Musk was heavily involved in the development of the Cybertruck, turning it into the epitome of elite projection, and bet all of Tesla’s vehicle sales growth on its success. Well, thanks to its horrifically poor design, it is now a $10 billion hole in Tesla’s books, making it the largest sales flop in automotive history.

Musk ignored his executives’ calls to focus on developing affordable models and avoid abandoning the company’s core business to chase AI self-driving unicorns, leading to him cancelling the “Model 2” and dumping all of Tesla’s development dollars into a Robotaxi money pit that will never yield returns.

Not to mention Tesla’s Robotaxi rollout is an embarrassing mess, with the cars being caught driving wildly illegally multiple times during just the first few days of operations.
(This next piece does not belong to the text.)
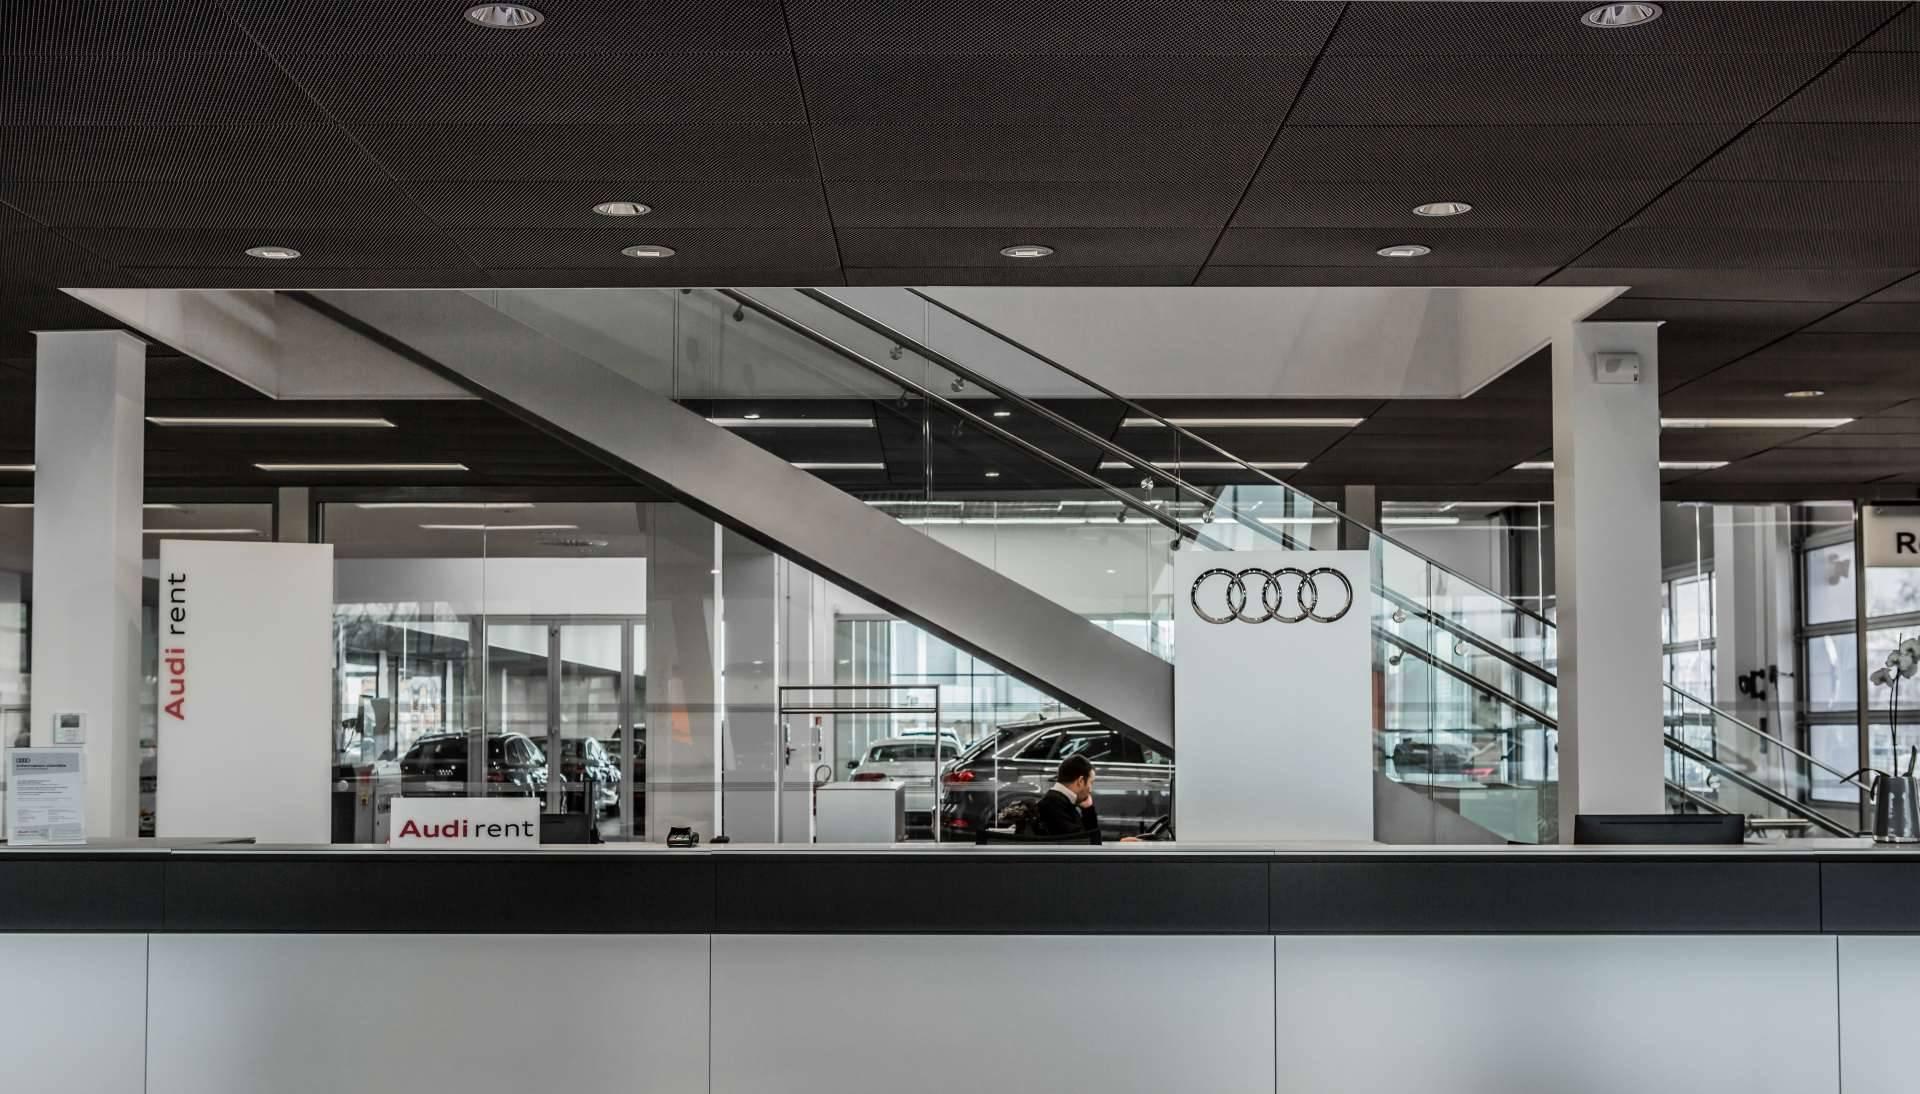 Audi Bauer Paris Roissy Audi rent 1920

Since then, there have been no visible signs of improvement, to the point where Tesla can’t get a licence to operate autonomous cars in cities that already have the likes of Waymo.

Under Musk, Tesla has engaged in some seriously shoddy business practices, leaving it and him incredibly vulnerable to legal recourse. Musk pushed Tesla to oversell the capabilities of FSD, consistently marketed it as a safe, fully autonomous system when it wasn’t, and hid any data that suggested otherwise. This led to Tesla and Musk being investigated for wire fraud for defrauding investors and customers by lying about their technology and even manslaughter, as there have been a sizeable number of deaths caused by people relying on FSD. Indeed, the only reason Musk isn’t facing jail time or Tesla isn’t facing fatal legal action is because Trump won in 2024, allowing Trump and Musk to use DOGE to squash these investigations.

Speaking of DOGE, Musk’s political moves have decimated Tesla’s sales, sparking a global boycott and widespread brand damage. Some estimates suggest Tesla lost a million sales this year as a result of Musk’s actions. In other words, Tesla sales this year are more than 60% below where they would be had Musk not engaged in politics (but he had to in order to avoid potentially facing jail from these federal investigations). Tesla had an annual production capacity of 2.35 million vehicles by the end of 2024 and was in the process of expanding that to just shy of three million by the end of 2025, but this drop in sales has meant they are only going to ship around 1.6 million vehicles by the end of the year. This means Tesla is only operating at about 68% production capacity, assuming they have abandoned production capacity expansion. This makes the manufacturing of each vehicle much more expensive, and means Tesla has lost a huge stack of cash abandoning its expansion plans. Realistically, operational profits are in the low single digits, and Tesla’s profits are in the gutter.

I haven’t even mentioned Hyperloop, the litany of class action lawsuits against Musk, the failure of the Dojo supercomputer, how the Optimus robot is so terrible even its lead engineer called it a dead end, or how Musk enabled the tariffs that are currently squeezing Tesla to death.

Musk should have been ousted as CEO a long time ago. He has failed repeatedly, made irrational decisions, ignored internal experts to great damage, and ruined the brand.

So, is threatening to step down as CEO a threat at all?

It wouldn’t be if Tesla’s value were remotely realistic.